From: Discriminating nucleosomes containing histone H2A.Z or H2A based on genetic and epigenetic information

Genetic information can also be used to predict if a nucleosome is likely to contain H2A.Z. A. Top panel is a histogram of the log-odds of all words of eight base pairs in the H2A.Z dataset compared with the H2A dataset. Bottom panel shows the same analysis carried out on the randomized dataset. B. Log odds of the most enriched and most depleted words in the H2A.Z versus the H2A dataset. C. Flexibility profile of H2A.Z- and H2A-containing nucleosome sequences. These curves represent the positional flexible dinucleotide log-odds of the flexibility models described, trained on all H2A.Z and H2A sequences including their reverse complement, using a background probability calculated on input sequences without regard to position.
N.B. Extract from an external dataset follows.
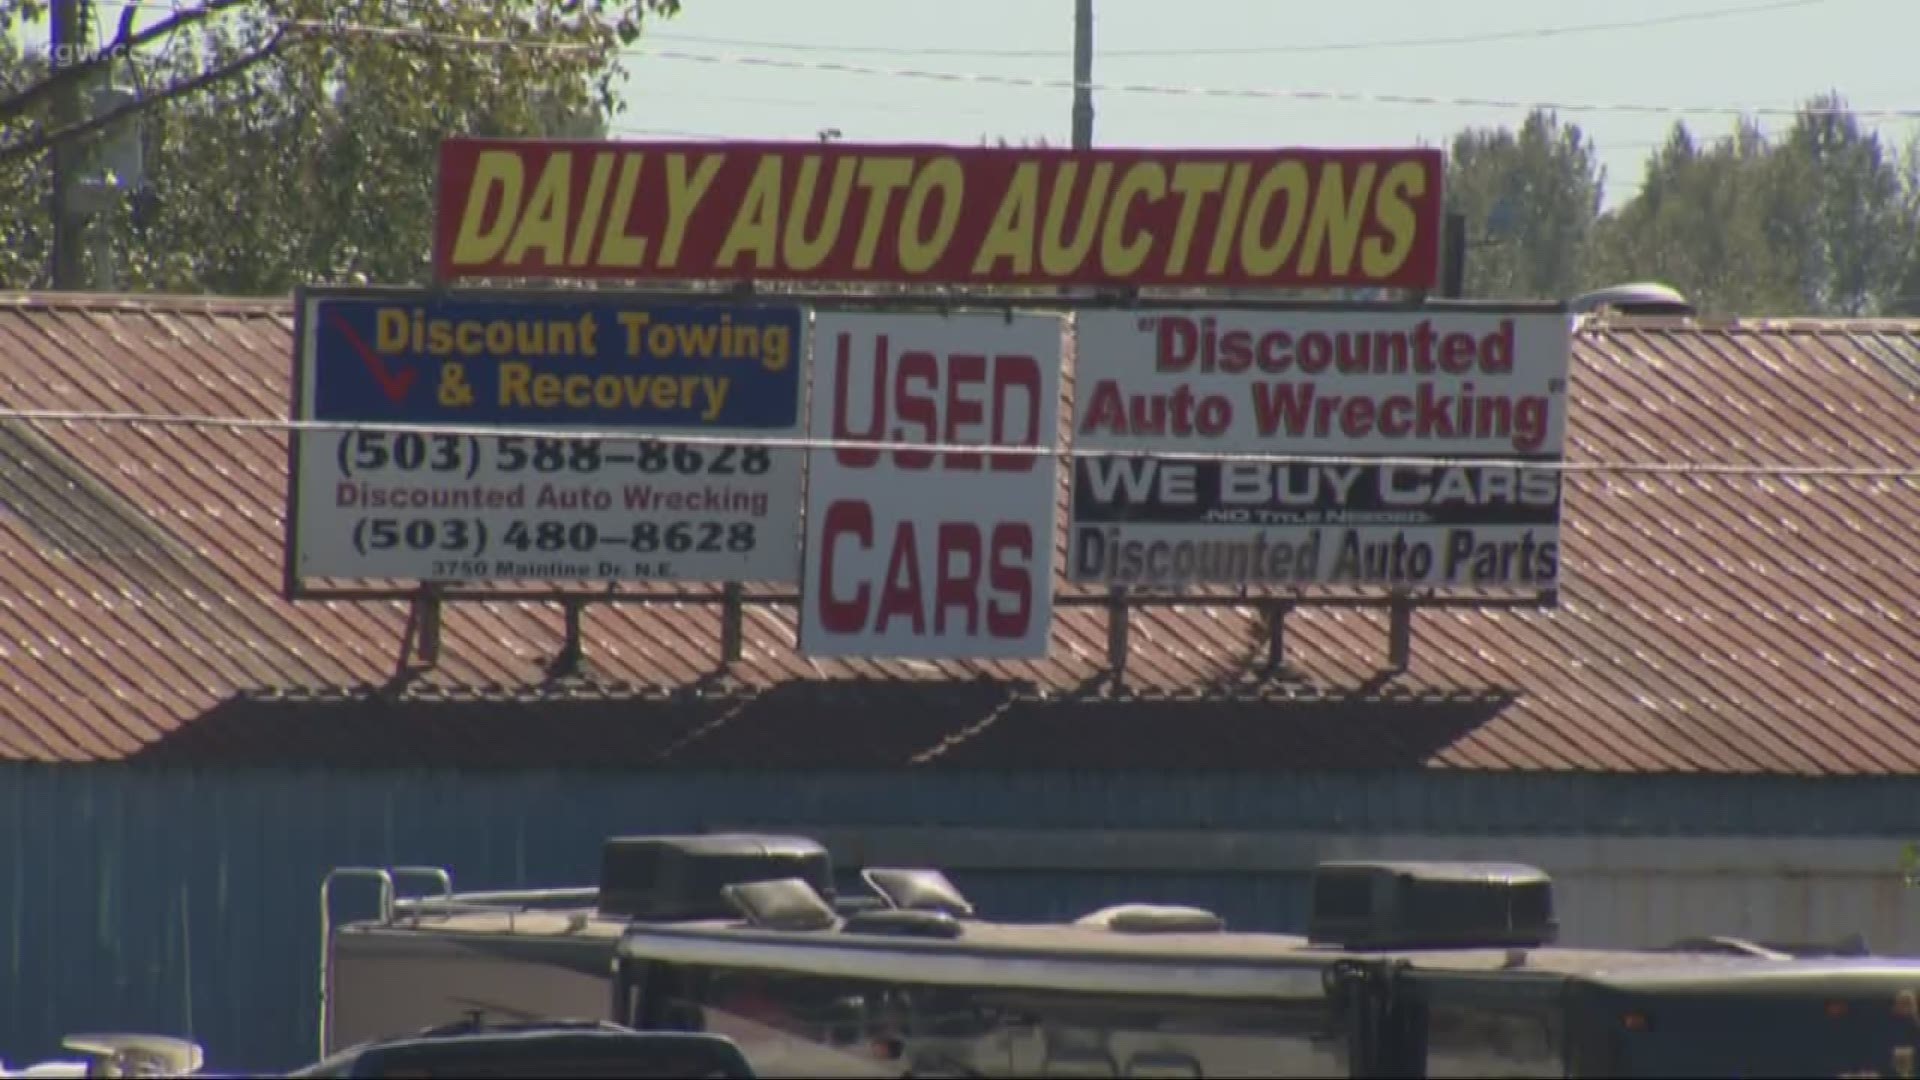 Salem towing company will have to pay up after settlement
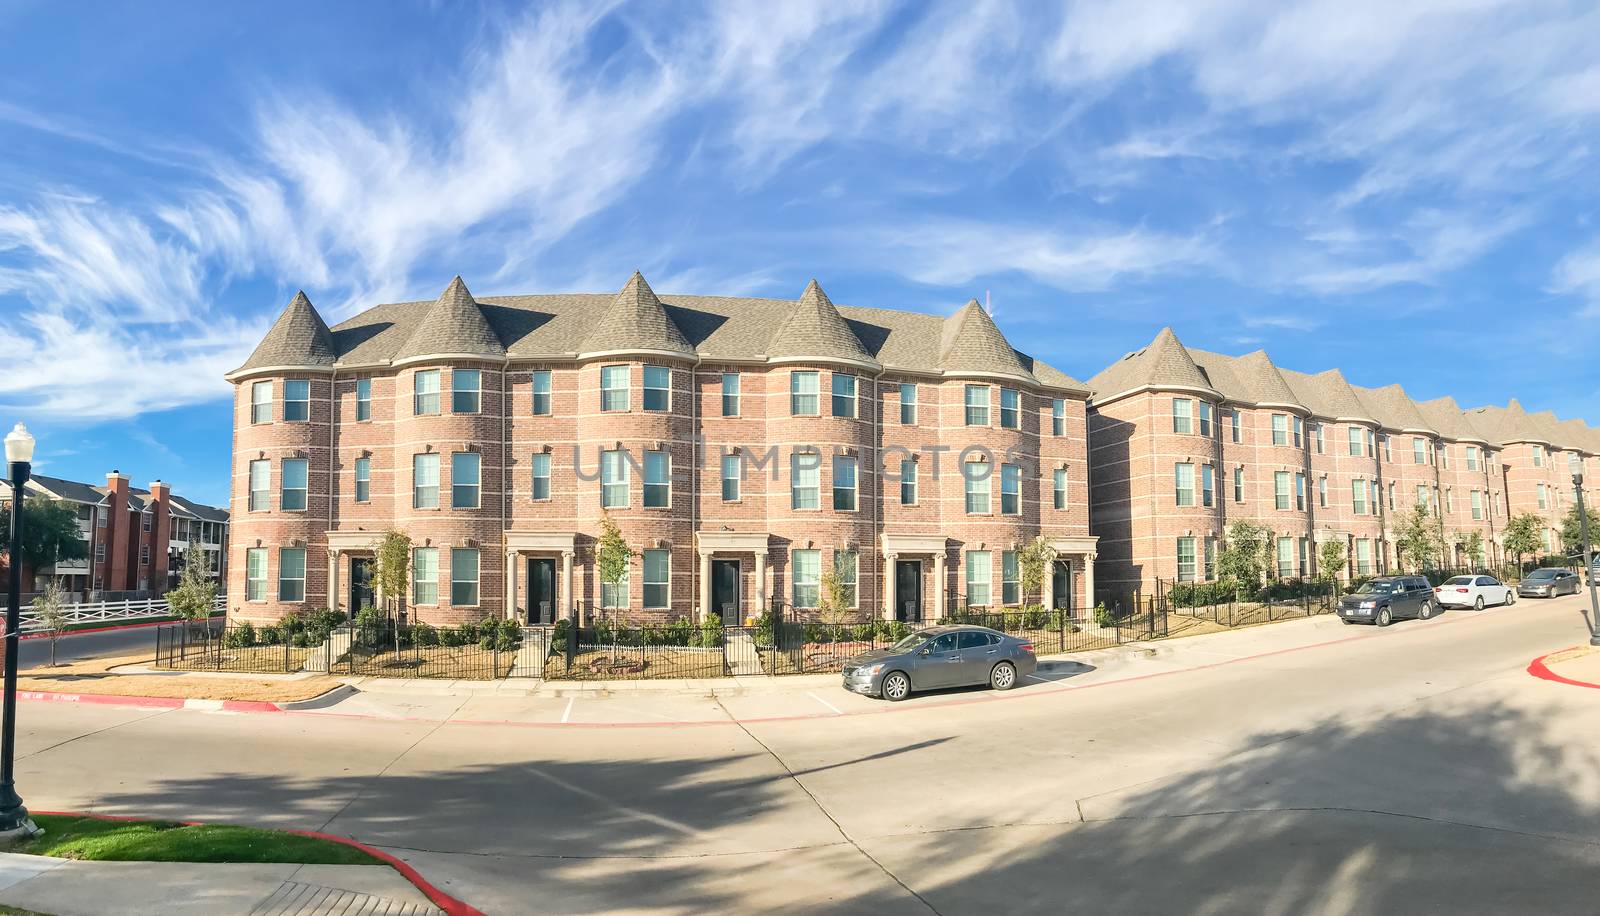 Panorama view new townhome apartment complex with cars park on street near Dallas, Texas, USA

H2A.Z-associated sequences are slightly more rigid than their H2A counterparts. D. Classification results for some of the sequence-based classifiers investigated. True positives in light green, true negatives in dark green, false positives in light red and false negatives in dark red. GC%: A model based solely on GC content of the sequences. MarkovX: A model based on a positional Markov model of order X (see text). NPMarkovX: A model based on a non-positional Markov model of order X. Flexibility: A model based on dinucleotide flexibility (see text). SVM: A model based on a support vector machine.